We leave Zandspruit one cold evening, just

as the African sun pushed into the smoke  from the

Highveld fires, into the township haze of winter.

 

The tin shacks with rippled walls stand, one family pushed

up against the next, up against the next.  I know nothing

of life here as I drive through, locked inside my Land Cruiser

 

watching the kids run in the muddy streets, the township dogs,  the

laundry drying on fences, chickens and roosters and rubble

and VW Golfs pressed against houses, blocks holding them in midair.

 

We drive past the open air market where you can buy Dickies hats,

fresh cabbage, where a Mozambican woman cooks

potatoes and chicken in a potjie . I look in my side mirror

 

watch the woman, the security guard, the Woolsworths  worker

return to their homes.
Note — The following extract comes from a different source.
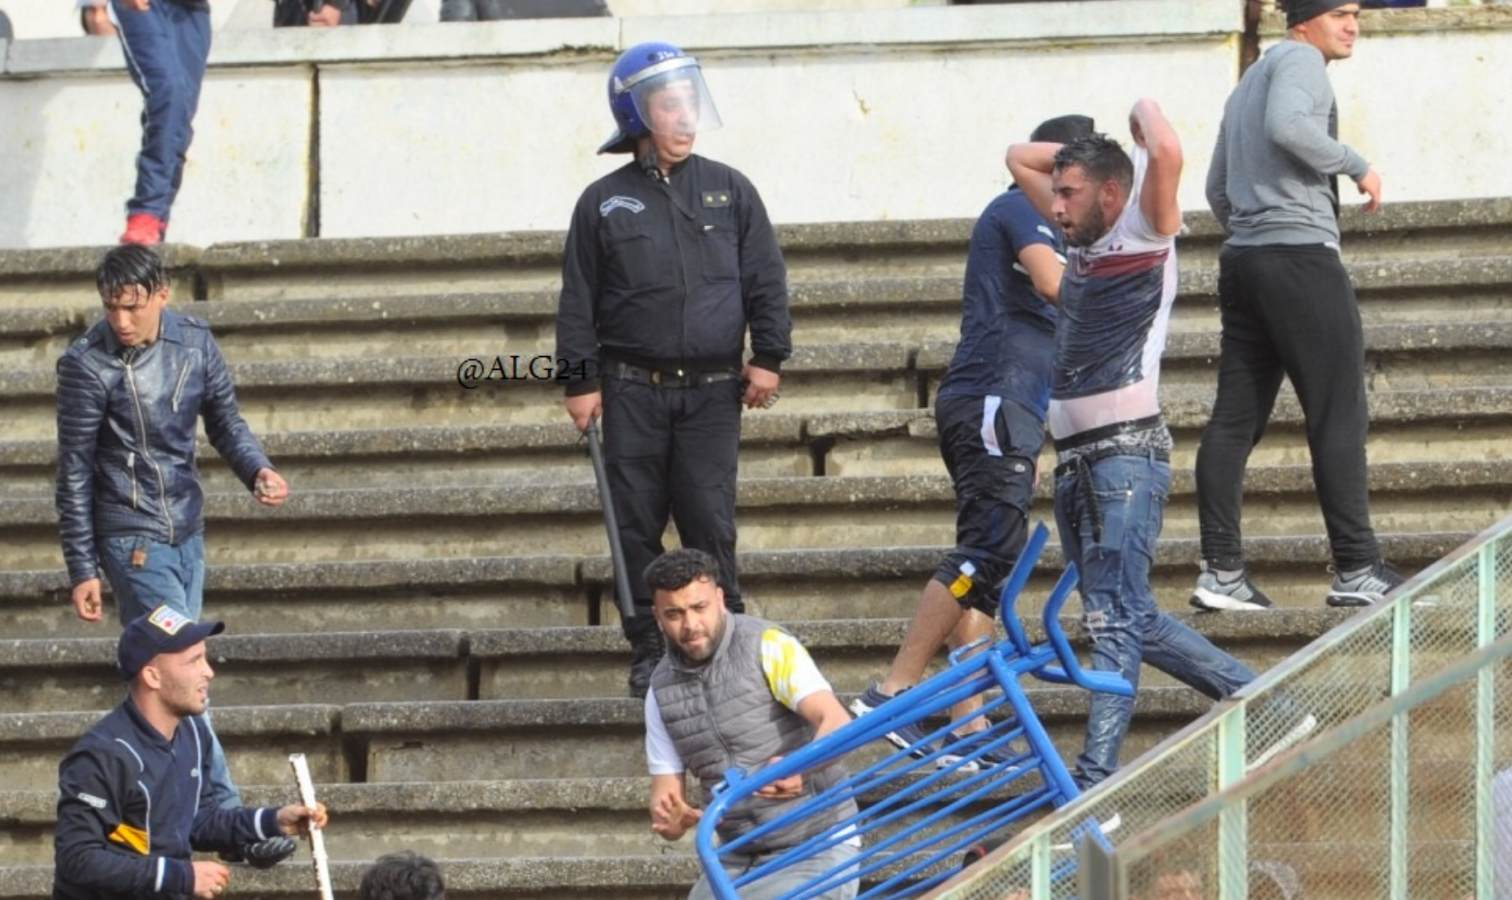 violences tribunes jsk mca supporters

I see them framed in the glass, frozen

there in the coming winter night.

Here is how to pronounce potjie. They are similar to Dutch ovens, but more like a witch’s cauldron.

Here is a look into Zandspruit. We were there to deliver some items and help one of my wife’s employees that was living there at the time.

As I am going through these ekphrasis exercises with my own photos, I post rough-ish drafts of them. It is important to write for the craft of poetry. I will revise and hone the ones that I like, but I still think they are worthy of posting. I hope you enjoy!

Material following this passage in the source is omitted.